> _EXERCISE_: Every line below needs to be transcribed without alteration, and no image may be carried over.

> _DATA SECTION_:
- Opening Delimiter -
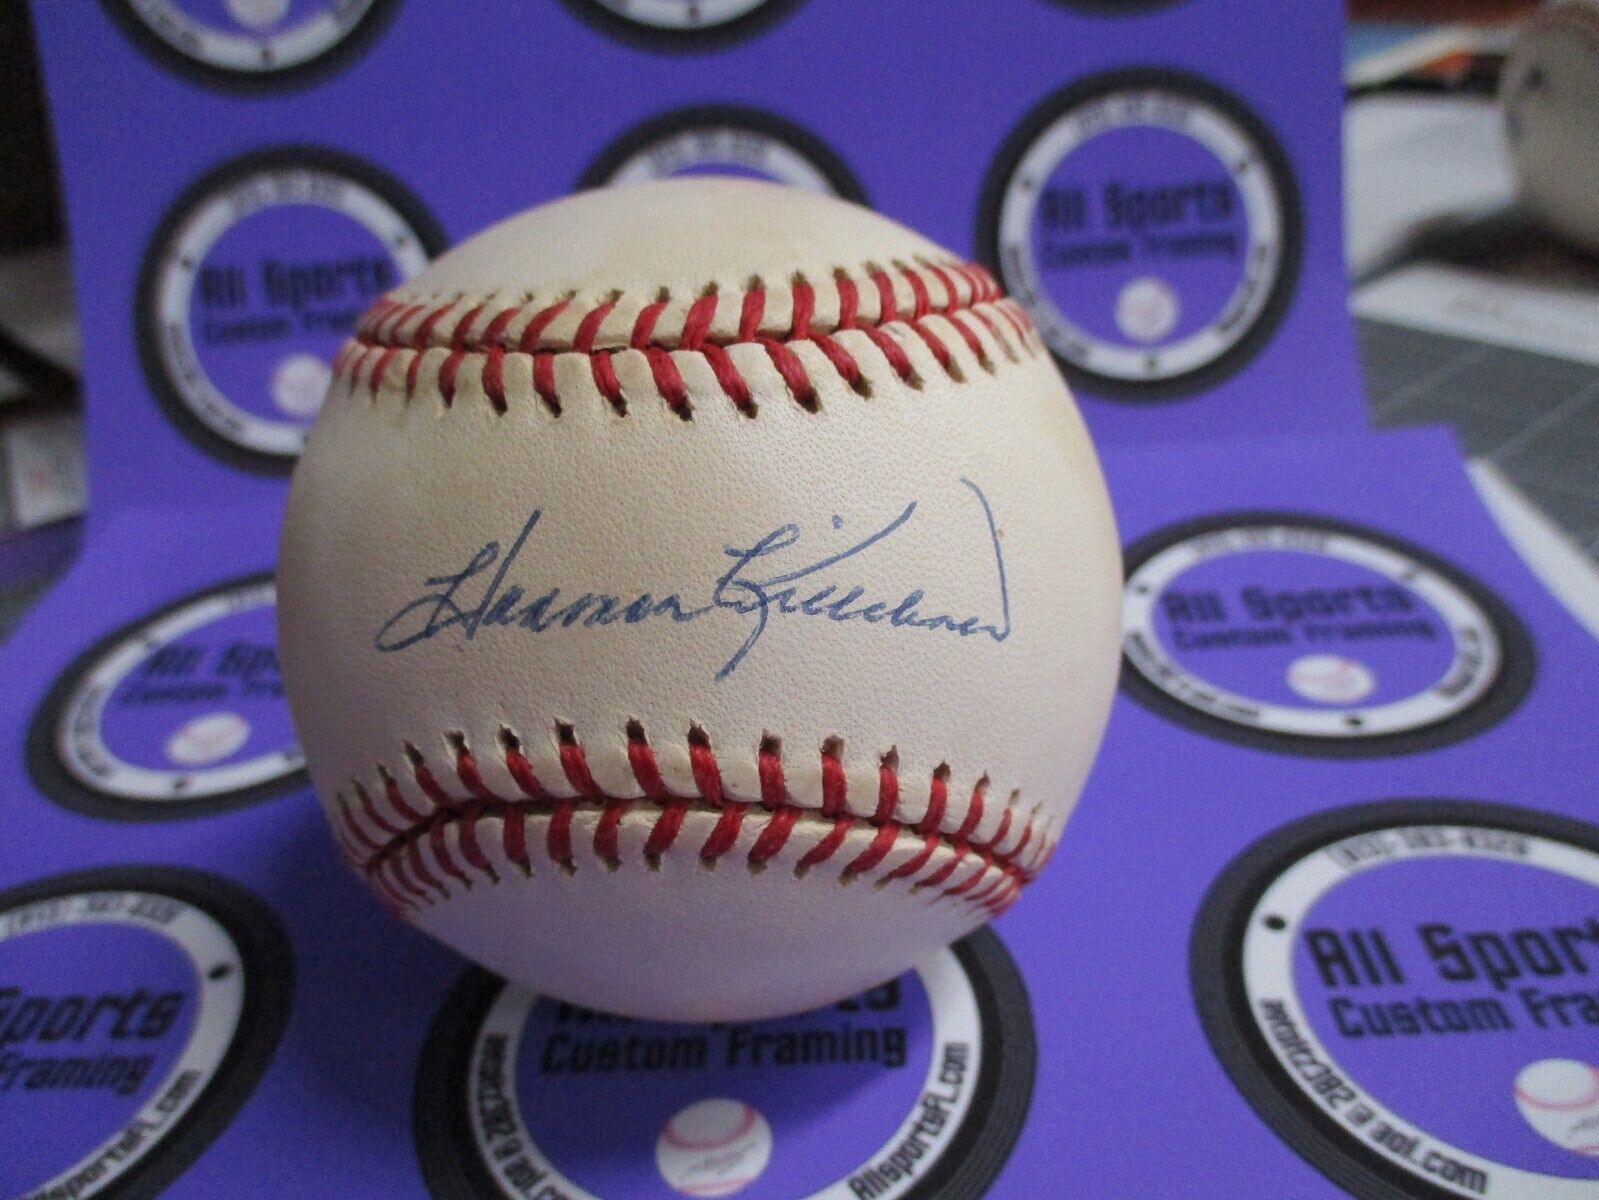 Harmon Killebrew Autographed Baseball Authenticated by JSA #AD60425
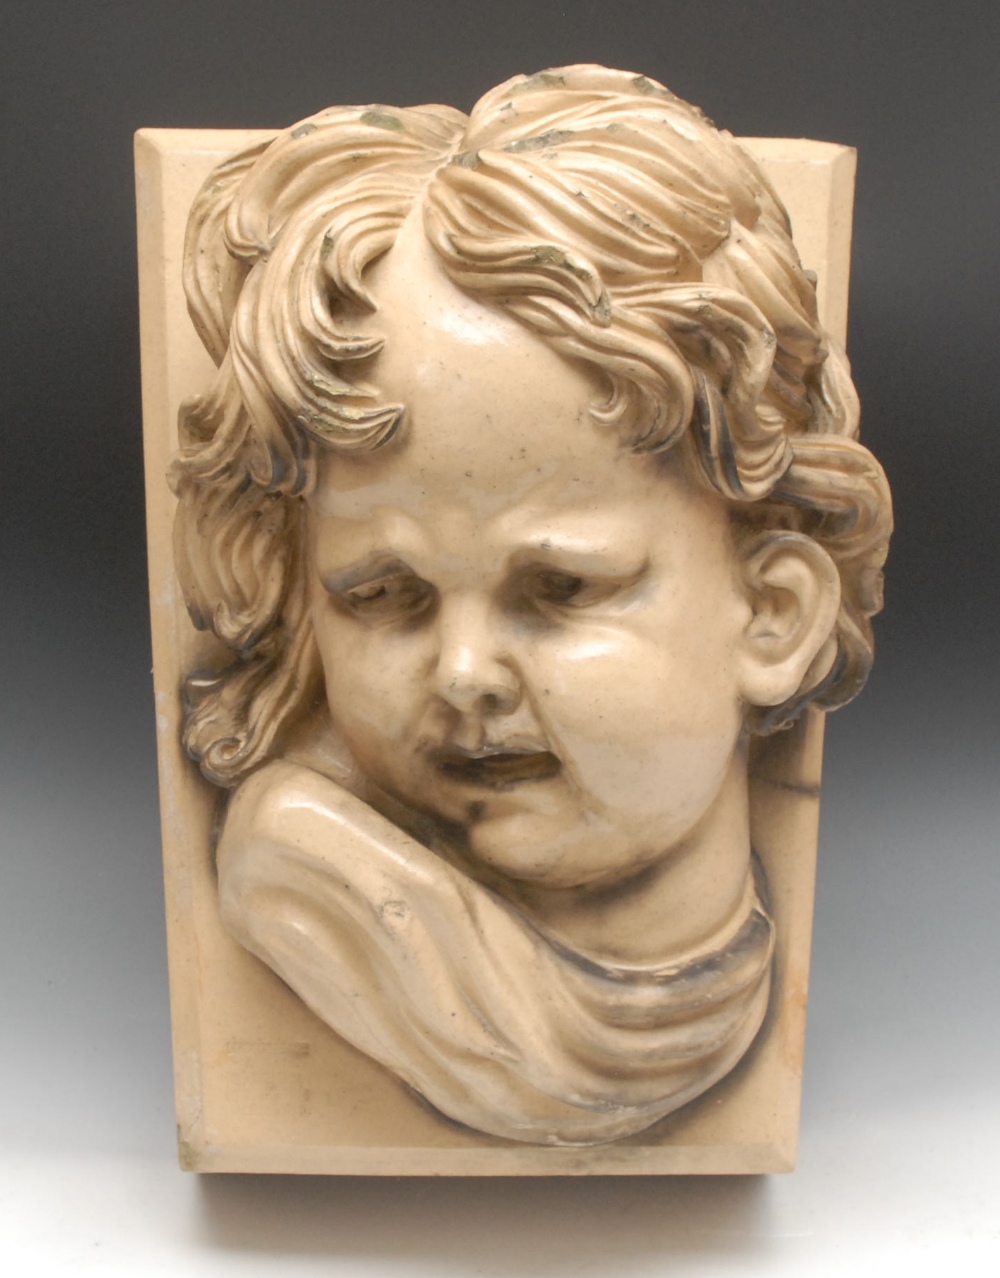 A Frederick Lipscombe & Co Chesterfield patent glazed terracotta architectural corbel, modelled with
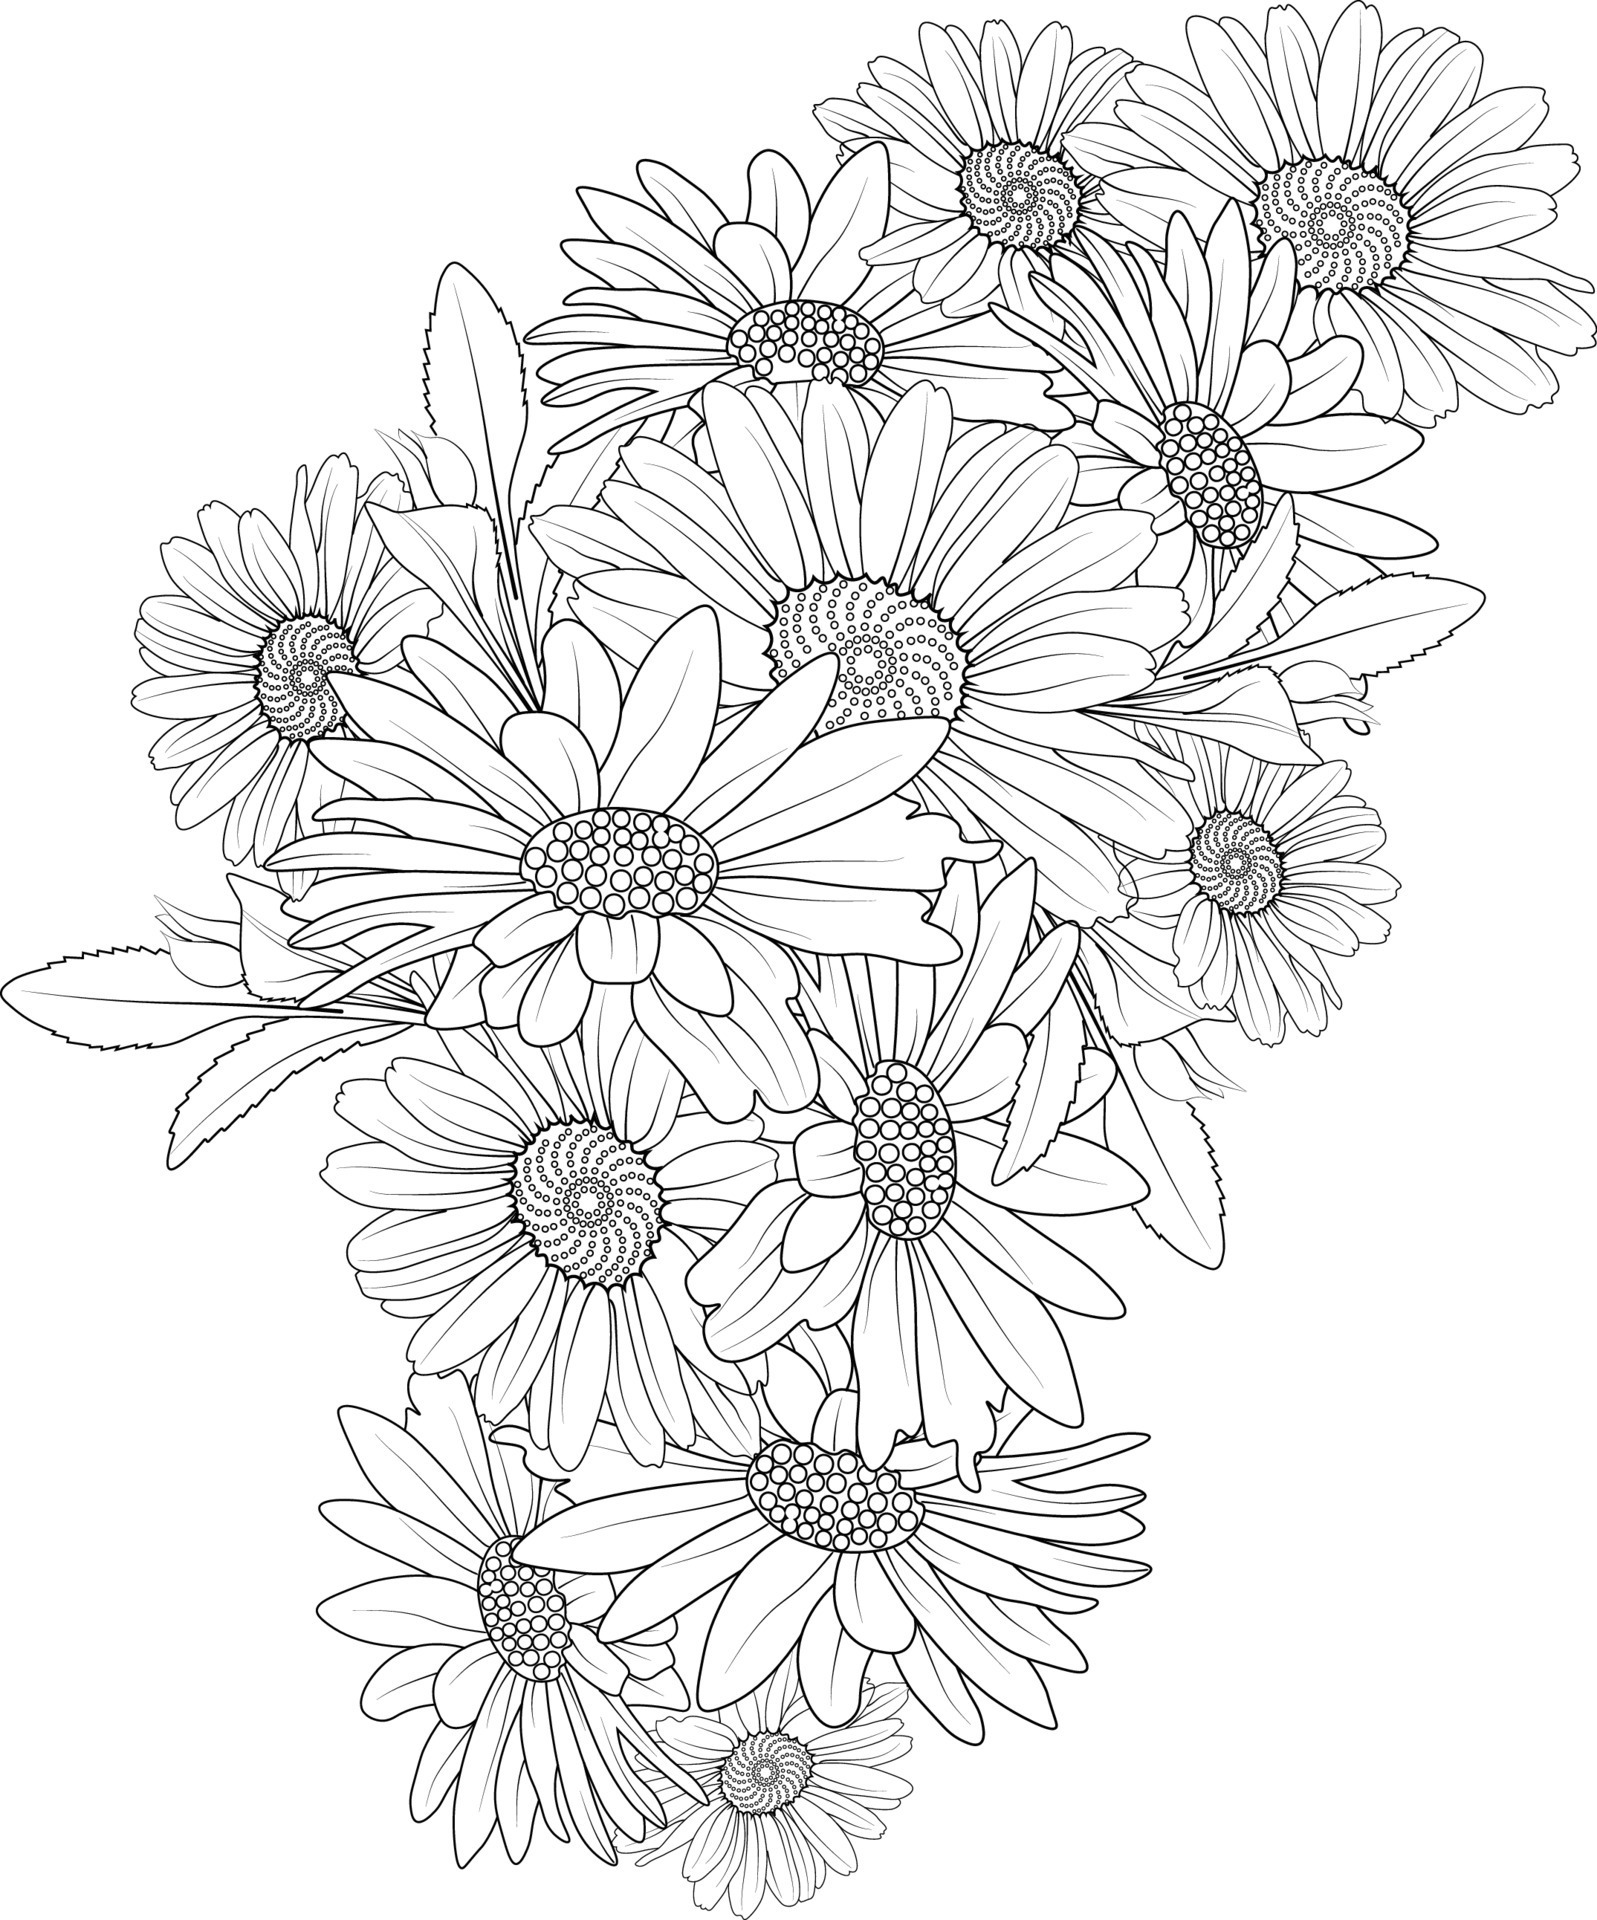 Abstract 3 Daisies One Line Drawing Stock Vector Royalty Free 1955195989   Shutterstock  Line drawing tattoos Daisy tattoo designs Small daisy  tattoo
- Closing Delimiter -
> _EXERCISE SOLUTION_:
 Harmon Killebrew Autographed Baseball Authenticated by JSA #AD60425
 A Frederick Lipscombe & Co Chesterfield patent glazed terracotta architectural corbel, modelled with
 Abstract 3 Daisies One Line Drawing Stock Vector Royalty Free 1955195989   Shutterstock  Line drawing tattoos Daisy tattoo designs Small daisy  tattoo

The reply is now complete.